A performance by Taiwan's Tsu-lo-san Puppet Troupe brought the audience to tears of laughter has he had his puppets dance to South Korean rapper Psy's "Gangnam Style," while the Three Mice by the Hunan Puppet and Shadow Art Protecting and Inheritance Center also brought smiles.

It seems no matter the country, puppetry is closely connected to a nation's culture.

"Our Chinese shows focus more on tradition and performing styles. Many puppet shows from elsewhere can't compare with us when it comes to the how accurate our puppets' movements are," Wang said. However, the fantastic creations and strong cultural characteristics from other places deeply surprised and inspired him.

"This is why exchanges like this are so important, we can't just show off what we have, we have to learn from each other," he said.

"China has a long, long history. Technique in China is extremely well-done, unique and skillful, but sometimes Chinese have to open their mind to new technology," said Jacque Trudeau, the Secretary General of the Union Internationale de la Marionette.

Trudeau stressed the importance of using new technology to lead the evolution of today's puppetry, not just for Chinese troupes, but for puppetry around the world.
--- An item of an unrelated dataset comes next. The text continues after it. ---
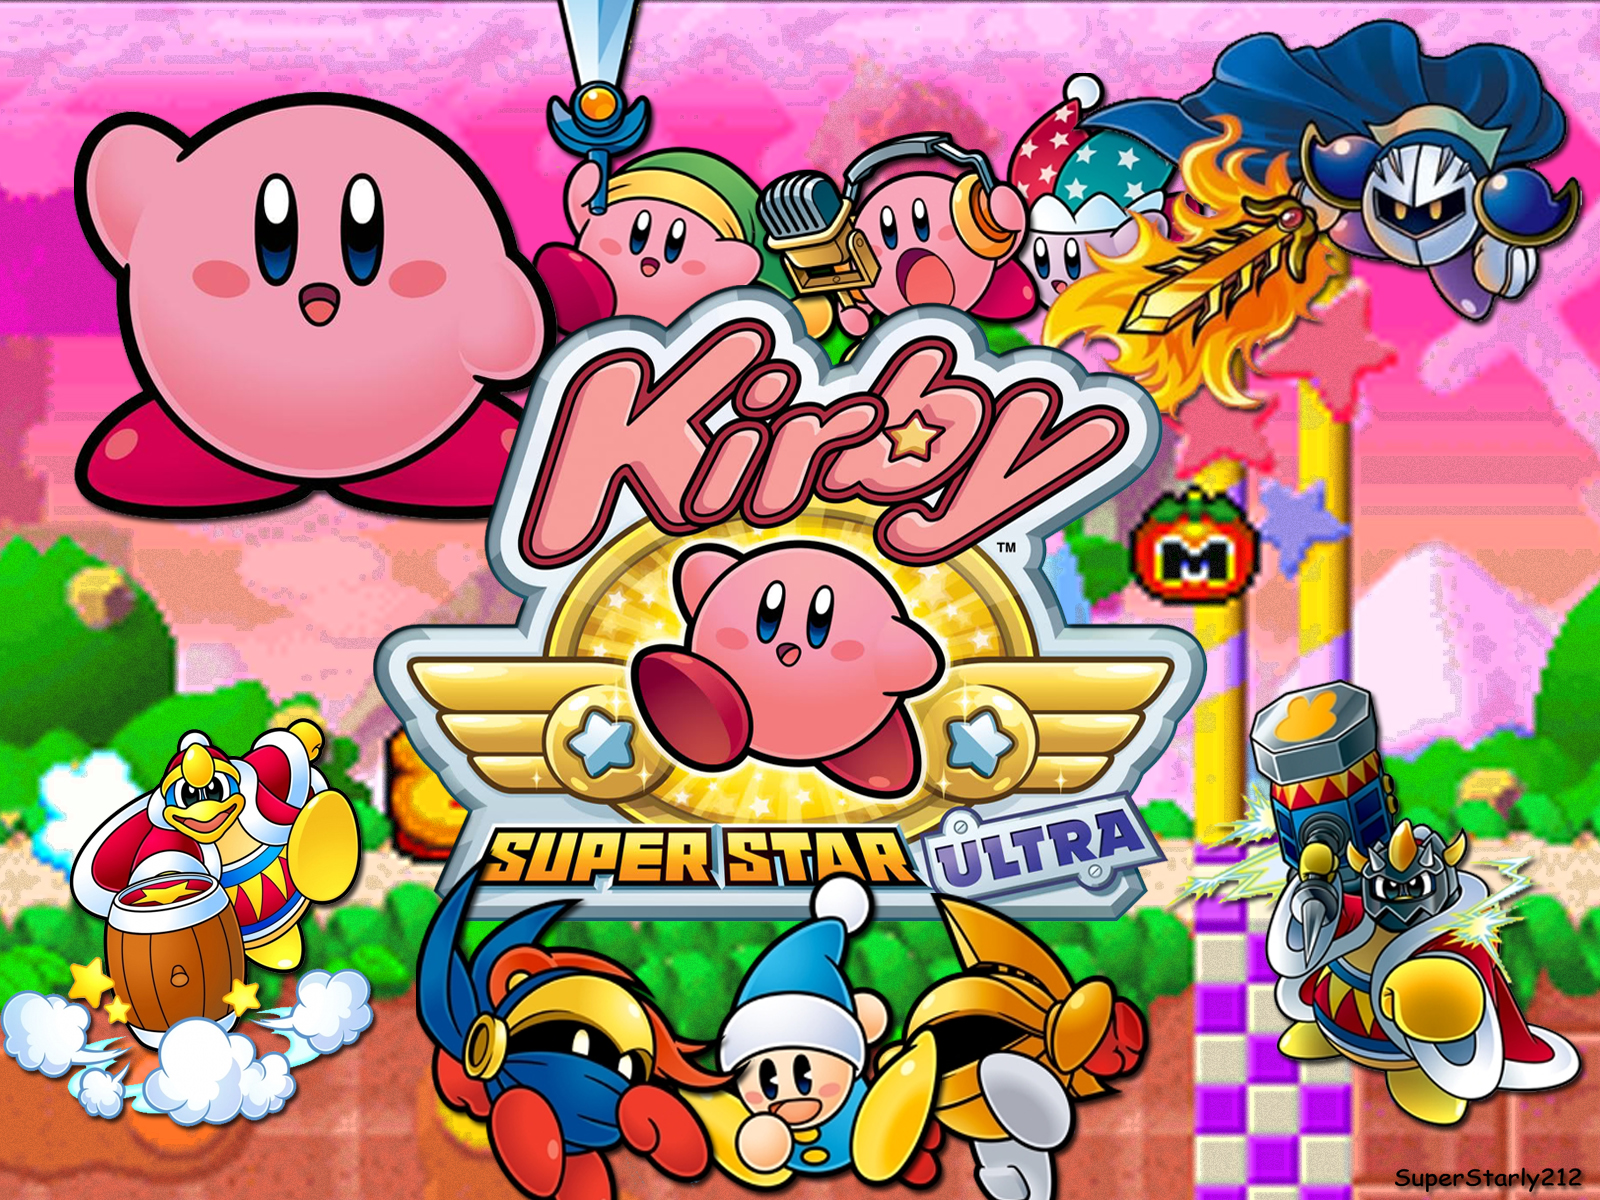 46+] Kirby Super Star Ultra Wallpaper - WallpaperSafari

"With new technology, shows are changing, they cannot be the same. You have to adapt traditional characters. If those characters stay the same, young people won't like it," he said.

Most of the Chinese puppet shows presented at the opening ceremony mainly featured traditional Chinese dramas.

When asked if he was  worried whether these traditional shows would interest younger audiences, Wang didn't appear worried.

"Don't underestimate traditional topics," Wang said.

He believes it's not that young people don't like traditional stories, but they just have a problem understanding them.

"Culture inheritance needs to start with children, like what we are doing now," he said pointing out that his troupe is trying to bring shows into kindergarten and elementary schools to educate the younger generation.